Eva Fernández Brugués
- Country (sports): Spain
- Residence: Figueres, Spain
- Born: 5 May 1986 (age 39) Figueres
- Height: 1.63 m (5 ft 4 in)
- Turned pro: 2001
- Retired: 2014
- Plays: Right-handed (two-handed backhand)
- Prize money: US$ 129,897

Singles
- Career record: 301–246
- Career titles: 7 ITF
- Highest ranking: No. 185 (19 October 2009)
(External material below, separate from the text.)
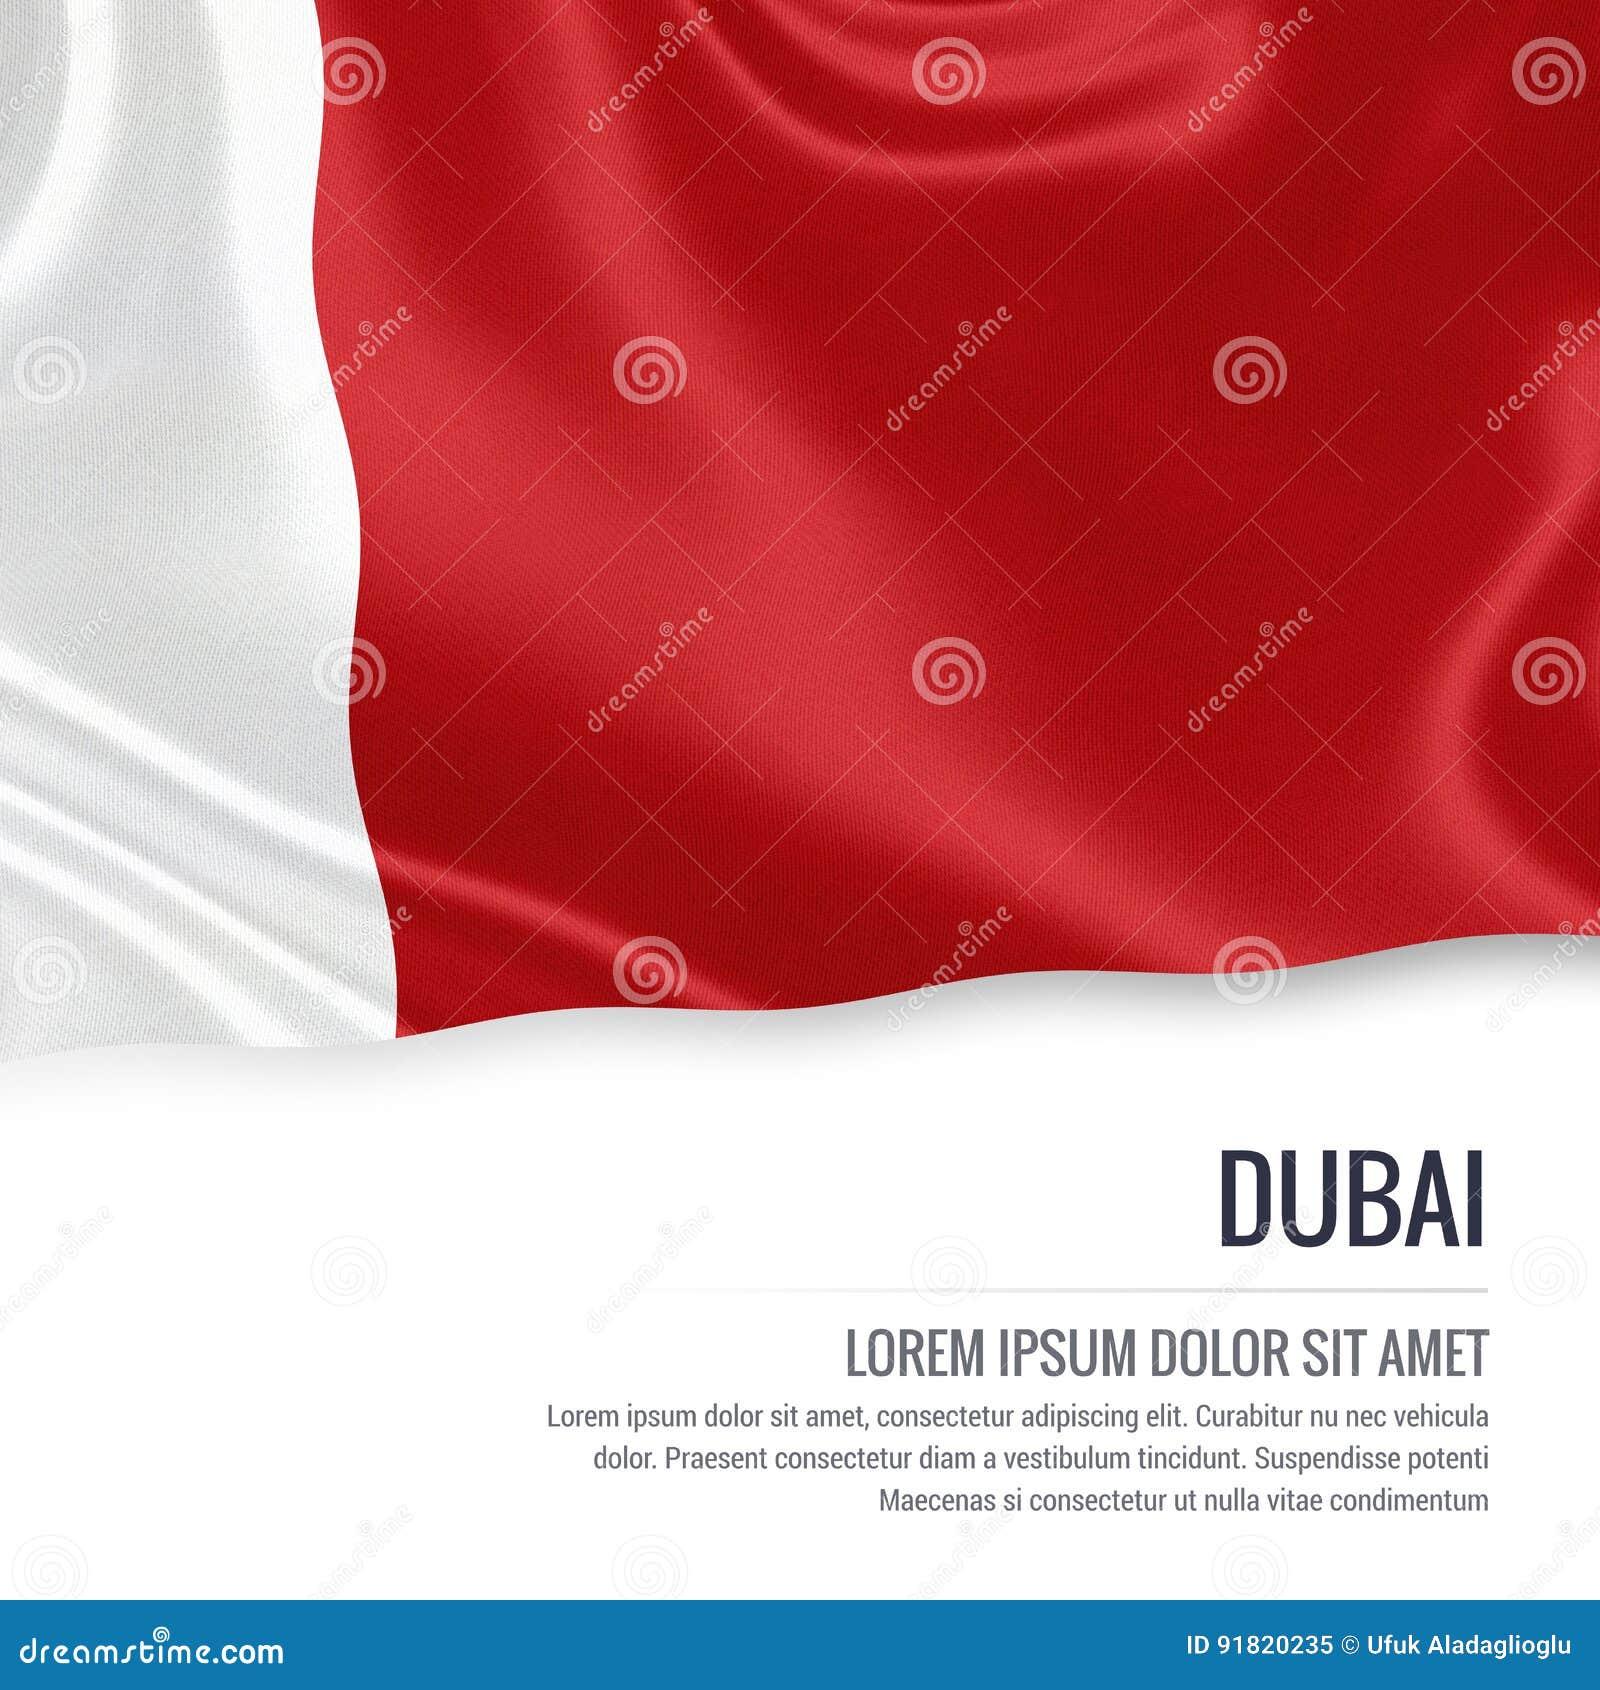 The United Arab Emirates State Dubai Flag Stock Illustration
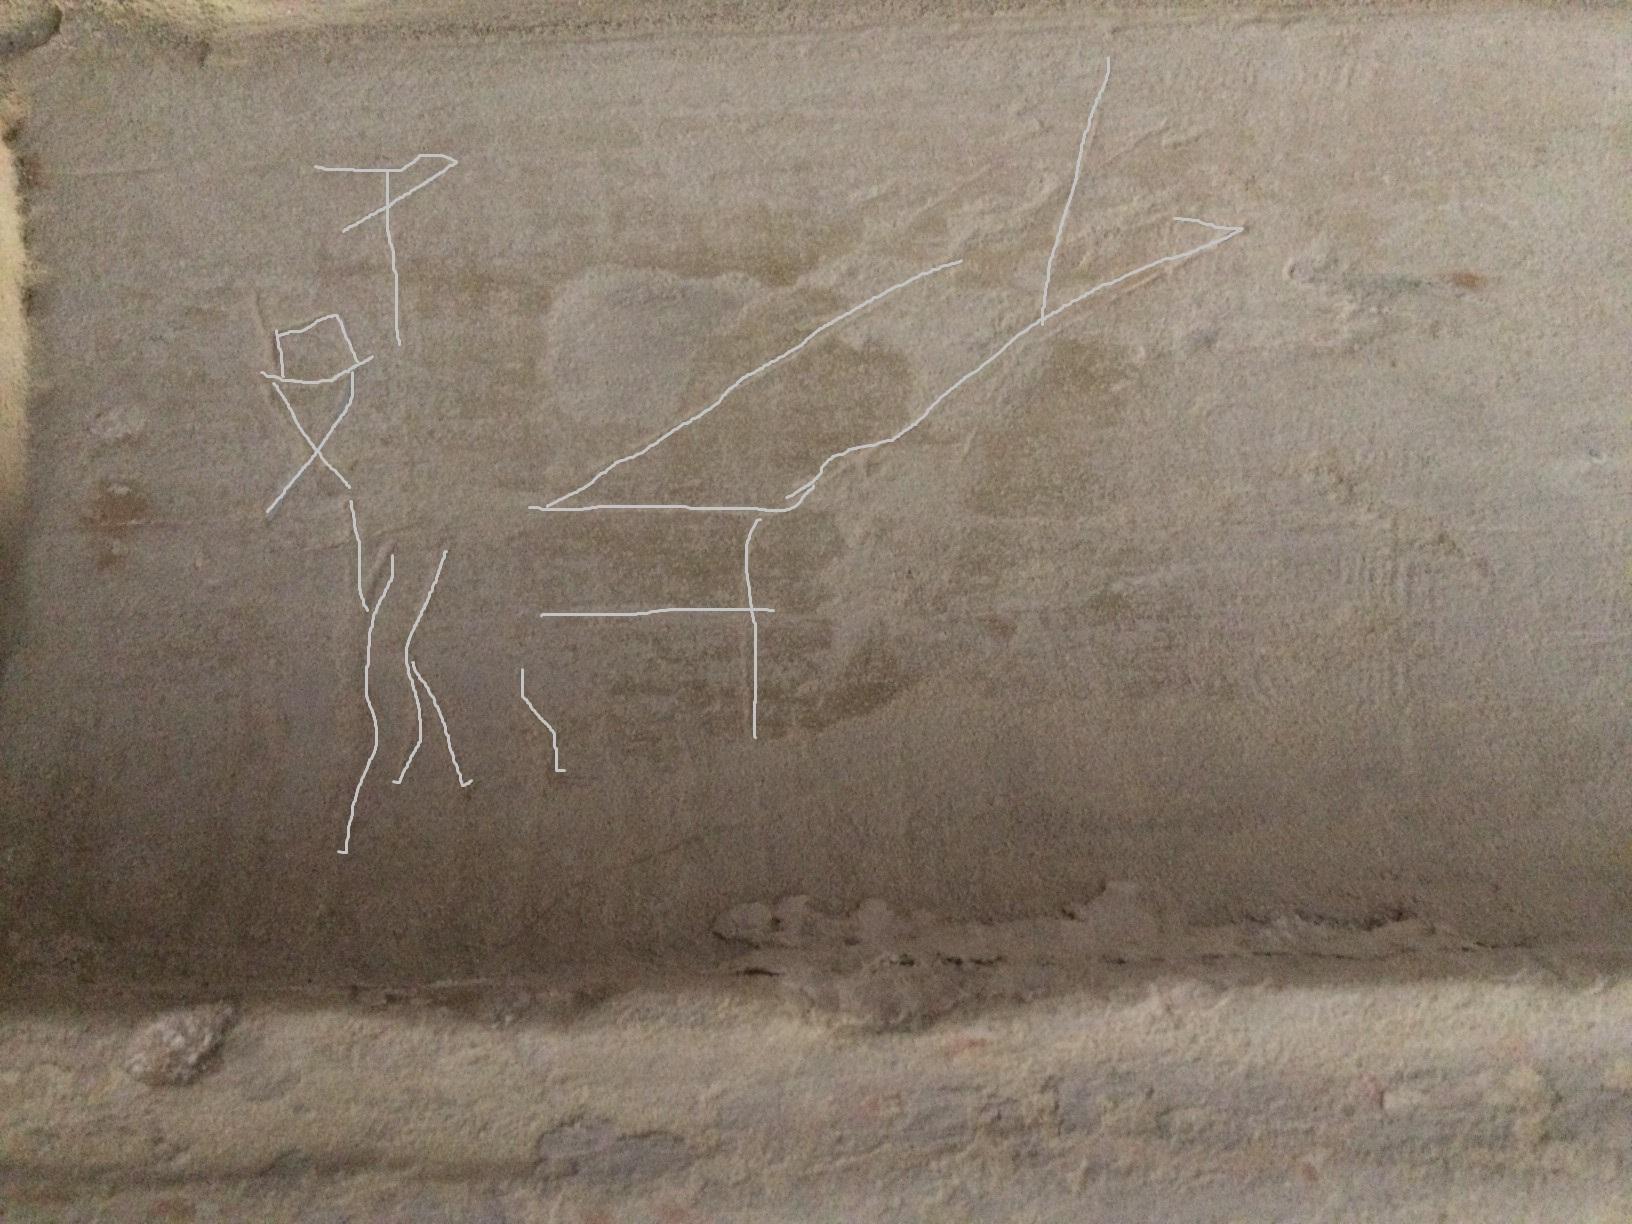 Graffiti 1 - Scratches highlighted

Grand Slam singles results
- French Open: Q1 (2010)
- US Open: Q1 (2009, 2010)

Doubles
- Career record: 52–81
- Career titles: 2 ITF
- Highest ranking: No. 336 (12 September 2011)

Medal record
Mediterranean Games
| Gold medal – first place | 2009 Pescara | Women's doubles |
| Bronze medal – third place | 2009 Pescara | Women's singles |

= Eva Fernández Brugués =

Spanish tennis player (born 1986)

Eva Fernández Brugués (/es/; (Note: In isolation, Brugués is pronounced /es/.) born 5 May 1986) is a Spanish former tennis player.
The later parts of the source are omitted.